Nucleic acids are the only molecules in nature that can guide their own reproduction from monomers. Indeed, the likeness of kids to their parents is based on precise DNA replication and transfer from generation to generation.

DNA contains hereditary information that guides the development of your biochemical, anatomical, physiological, and, to a lesser degree, behavioral characteristics.

Frederick Griffith conducted research on two strains of the bacteria Streptococcus pneumonia. The S (smooth) strain can cause pneumonia in mice; it is harmful because the cells have an exterior capsule that protects them from the immune system of the animal.

R (rough) strain cells lack a capsule and are hence nonpathogenic. Griffith inoculated mice with the following strains to test for pathogenicity:

The live R bacteria had been converted into dangerous S bacteria by an unknown, heritable chemical derived from the dead S cells, which allowed the R cells to produce capsules.

T. H. Morgan's group demonstrated that genes exist as chromosomal components, and the two chemical components of chromosomes—DNA and protein—emerged as the main candidates for genetic material.

Until the 1940s, the evidence for proteins appeared to be stronger: biochemists had discovered proteins as a type of macromolecules with high variability and function specialization, both of which were required for hereditary material. Furthermore, nothing was understood about nucleic acids, whose physical and chemical characteristics appeared to be far too consistent.

This viewpoint progressively shifted when the significance of DNA in inheritance was discovered in studies of bacteria and the viruses that infect them, considerably simpler systems than fruit flies or humans.

In 1928, a British medical officer called Frederick Griffith began working on developing a pneumonia vaccine. He was researching Streptococcus pneumonia, a bacteria that causes mammalian pneumonia.

Griffith possessed two strains (varieties) of the bacteria, one pathogenic (producing illness) and one nonpathogenic (harmless). He was somewhat aback to see that when he eliminated the harmful germs.

Furthermore, the altered bacteria's newly acquired pathogenicity was passed along to all of their progeny. This heritable alteration was apparently produced by a chemical component of the dead pathogenic cells, however, the identification of the molecule was unknown.

Griffith named the phenomena transformation, which is currently defined as a shift in genotype and phenotype caused by a cell's absorption of foreign DNA. Oswald Avery, Maclyn McCarty, and Colin MacLeod later recognized the changing material like DNA.
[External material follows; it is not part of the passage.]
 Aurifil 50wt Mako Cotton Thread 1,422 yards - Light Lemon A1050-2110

The image attached demonstrates a virus infecting a bacterial cell. A phage called T2 attaches to a host cell and injects its genetic material through the plasma membrane, while the head and tail parts remain on the outer bacterial surface (colorized TEM).

Studies of viruses that infect bacteria provided more proof that DNA was the genetic material (as shown in the image attached). These viruses are known as bacteriophages (which means "bacteria-eaters"), or phages for short. Viruses are far less complex than cells.
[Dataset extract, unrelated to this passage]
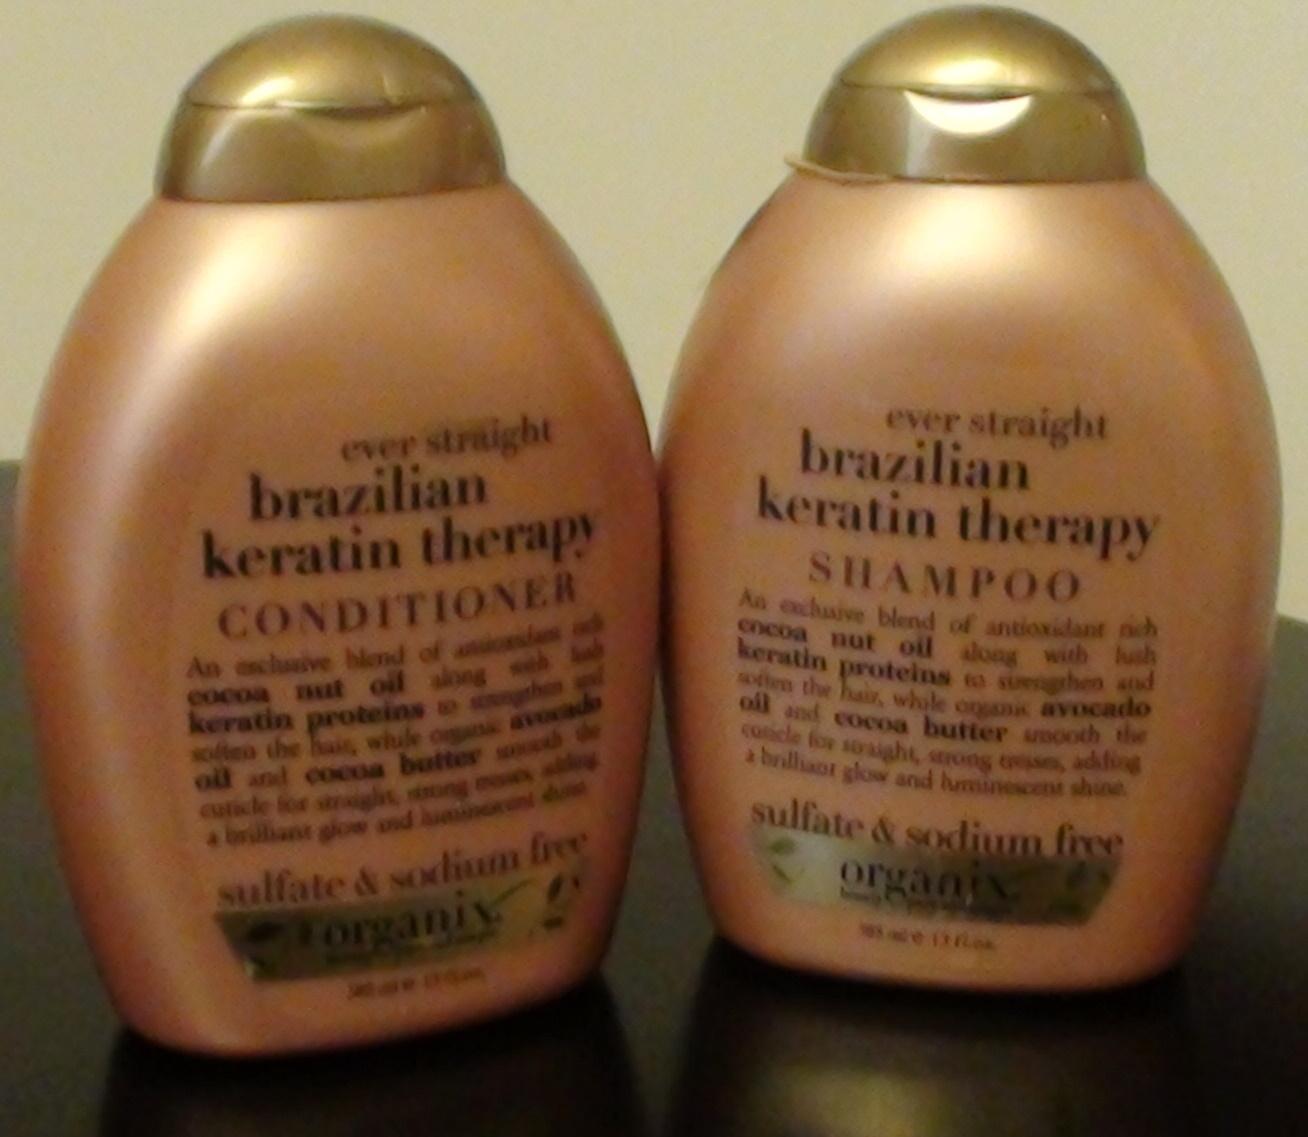 Thestylesupreme Organix Brazilian Keratin Therapy Shampoo

A virus is nothing more than DNA (or, in some cases, RNA) encased in a protective coat, which is frequently just protein. A virus must enter a cell and take over the cell's metabolic system in order to reproduce new viruses.

Phages have been frequently utilized as tools by molecular genetics researchers. Alfred Hershey and Martha Chase performed in 1952.

They utilized a radioactive isotope of sulfur to tag protein in one batch of T2 and a radioactive isotope of phosphorus to target DNA in the other. Because protein includes sulfur but not DNA, radioactive sulfur atoms were exclusively absorbed into the phage's protein. Similarly, radioactive phosphorus atoms tagged just the DNA, not the protein, because the phage's DNA contains virtually all of its phosphorus. Separate samples of nonradioactive E. coli cells were infected with the protein-labeled and DNA-labeled batches of T2 in the experiment. The researchers next examined the two samples immediately after the infection began to determine which sort of molecule—protein—was present.

Each DNA nucleotide monomer is made up of a nitrogenous base (T, A, C, or G), deoxyribose (blue), and a phosphate group (yellow).

A covalent link connects the phosphate group of one nucleotide to the sugar group of the next, producing a "backbone" of alternating phosphates and sugars from which the bases protrude. A polynucleotide strand is directed from the 5′ end (with the phosphate group) to the 3′ end (with the sugar's OH group). The numerals 5′ and 3′ relate to the carbons in the sugar ring.

These two discoveries came to be known as Chargaff's rules: The makeup of DNA bases differs between species, and the percentages of A and T bases, as well as those of G and C bases, are nearly equal for each species.